== WORK INSTRUCTIONS ==
Below are the records; extract from them the line containing "Rockies-Avalanche Danger" to the line containing "Book Lists for Christmas", both lines included, exactly and with no pictures.

== RECORDS FOR THE TASK ==
========================

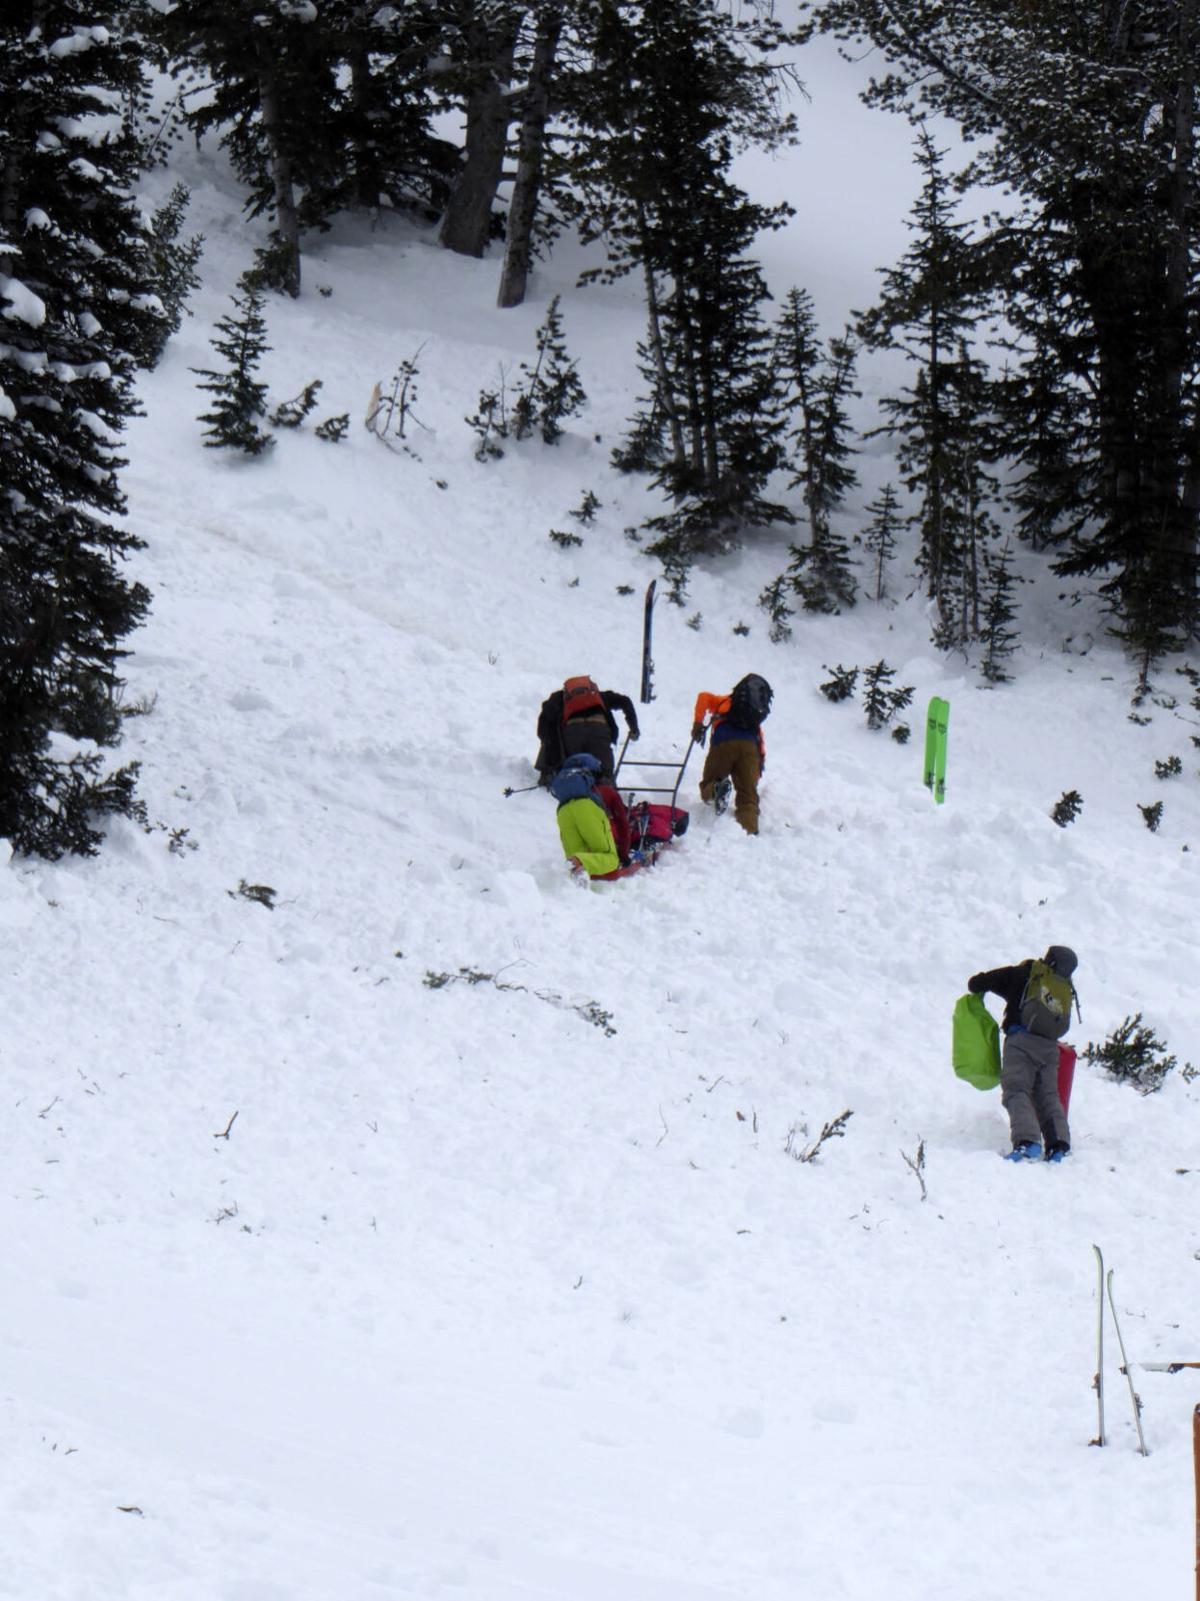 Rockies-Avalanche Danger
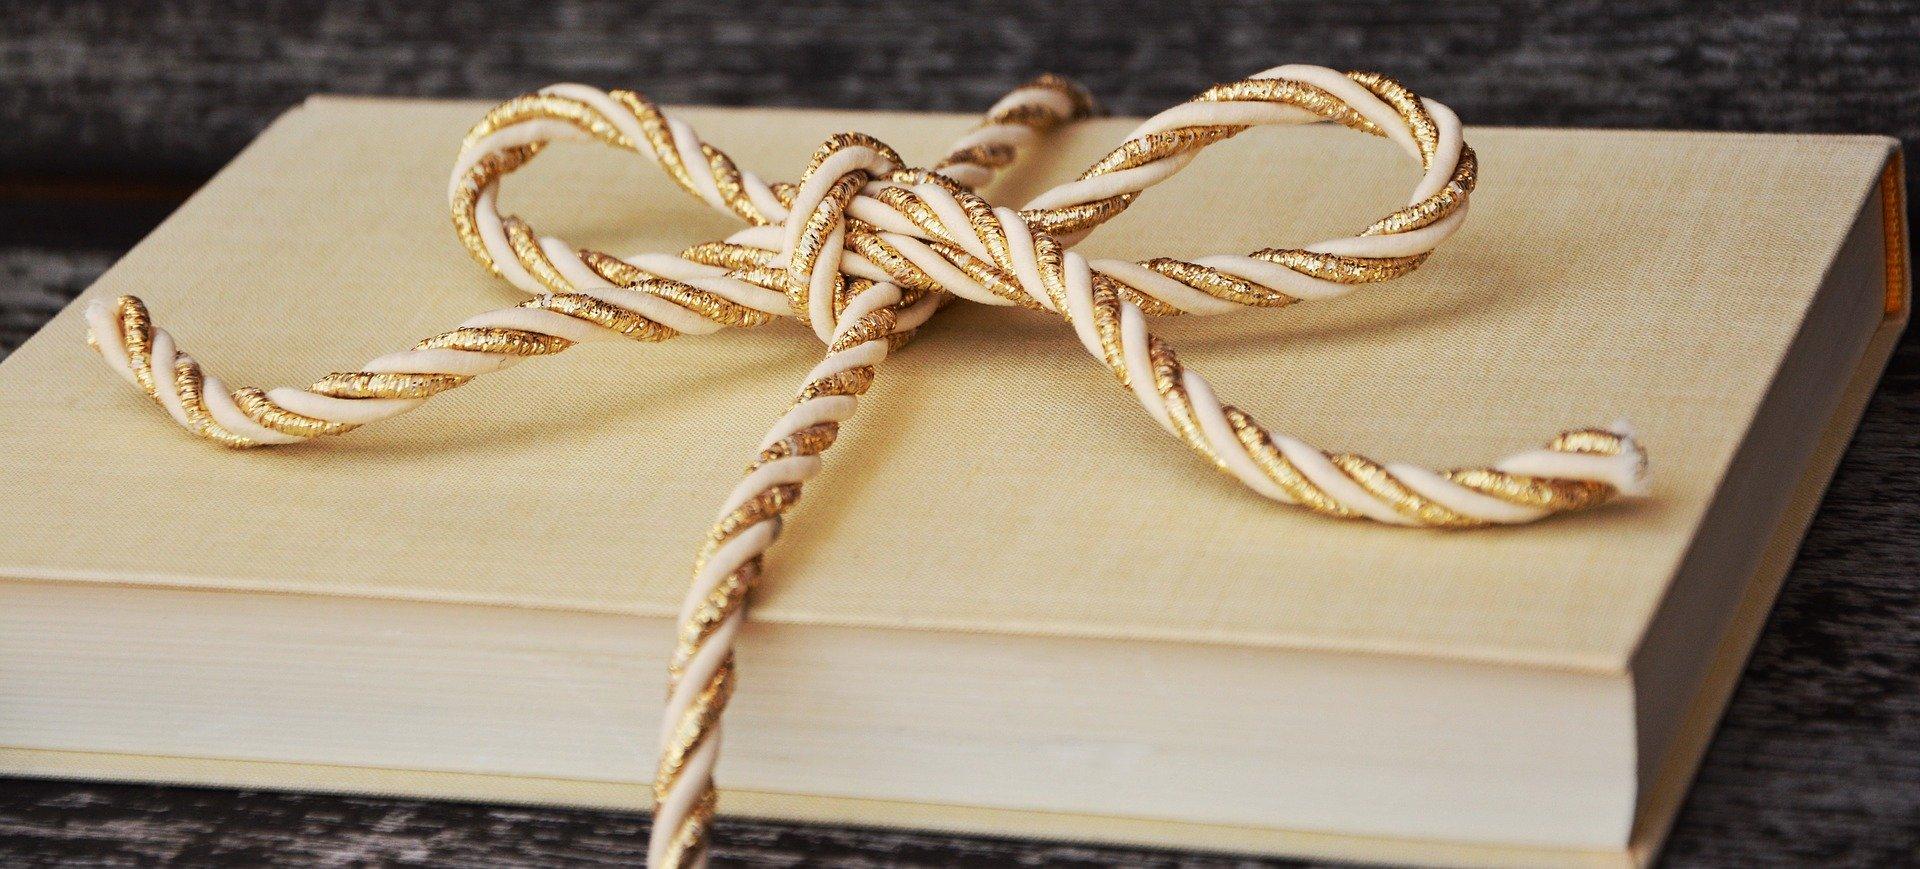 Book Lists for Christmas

========================

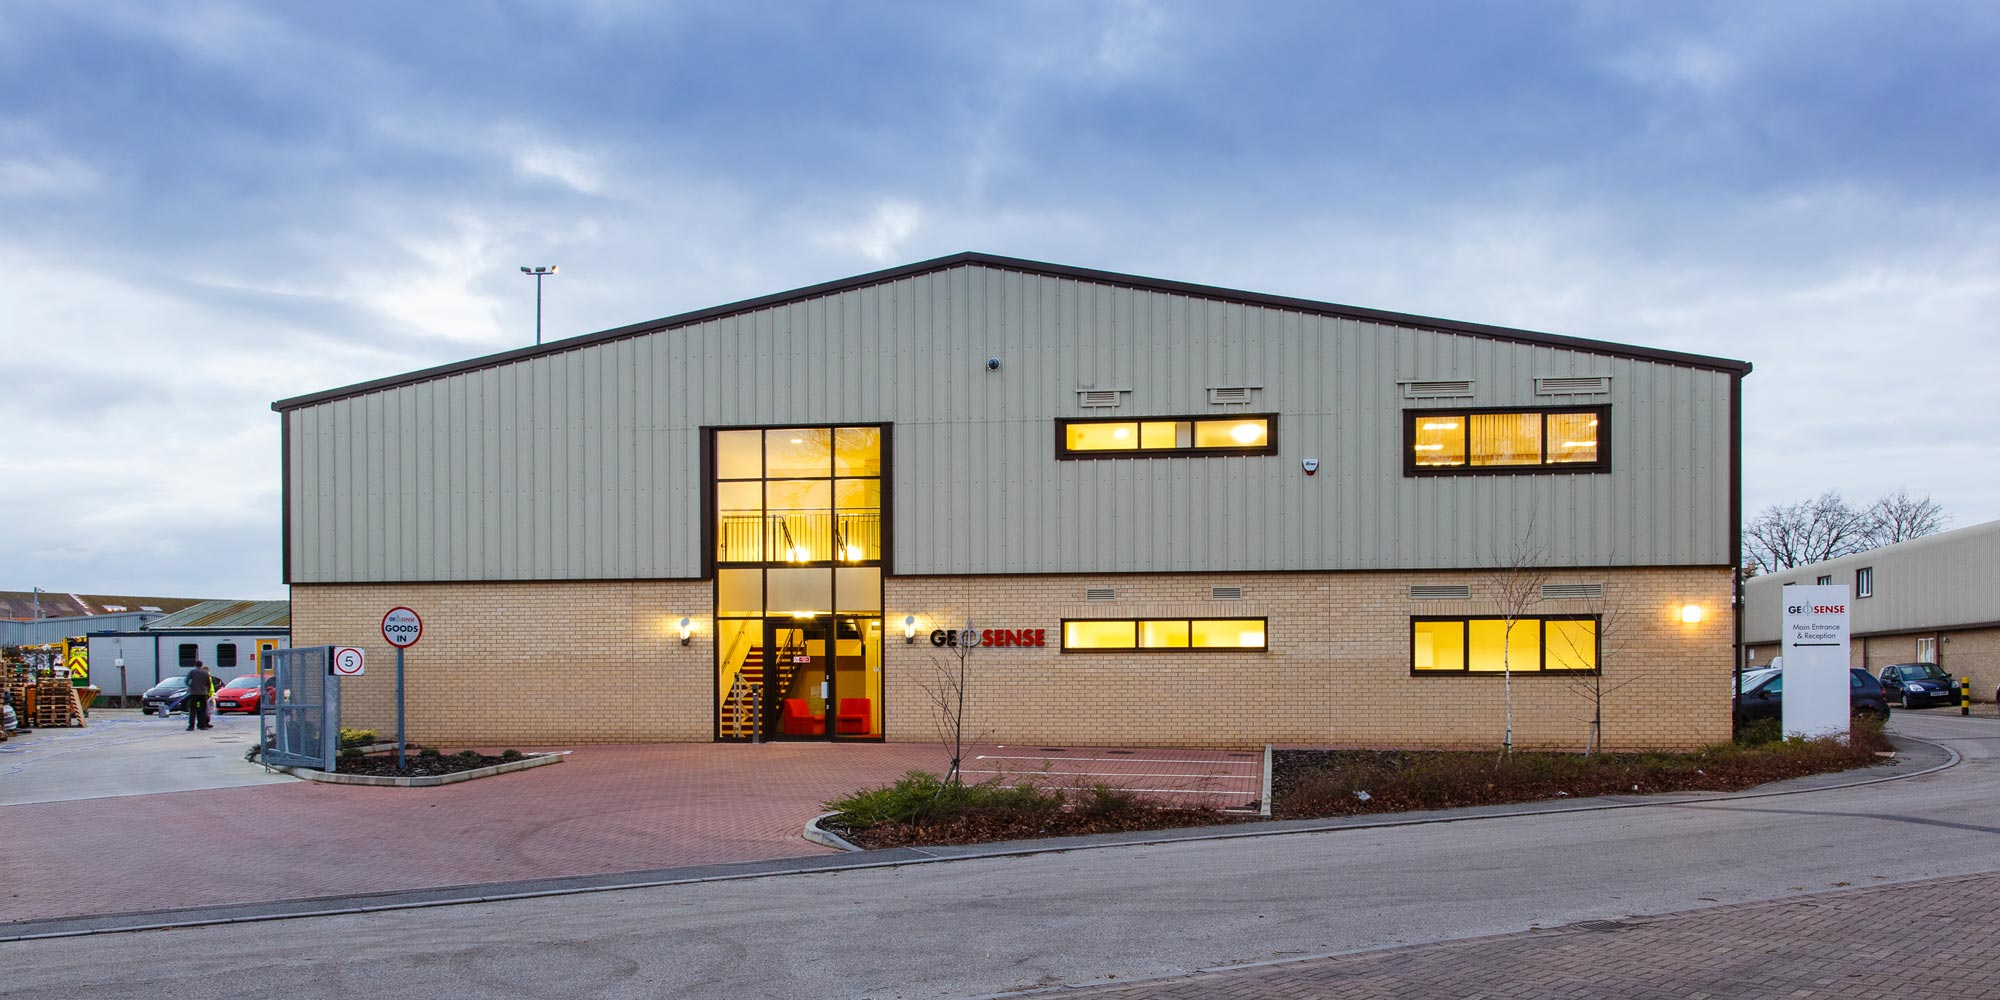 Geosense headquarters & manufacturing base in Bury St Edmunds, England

========================

== RESPONSE ==
 Rockies-Avalanche Danger
 Book Lists for Christmas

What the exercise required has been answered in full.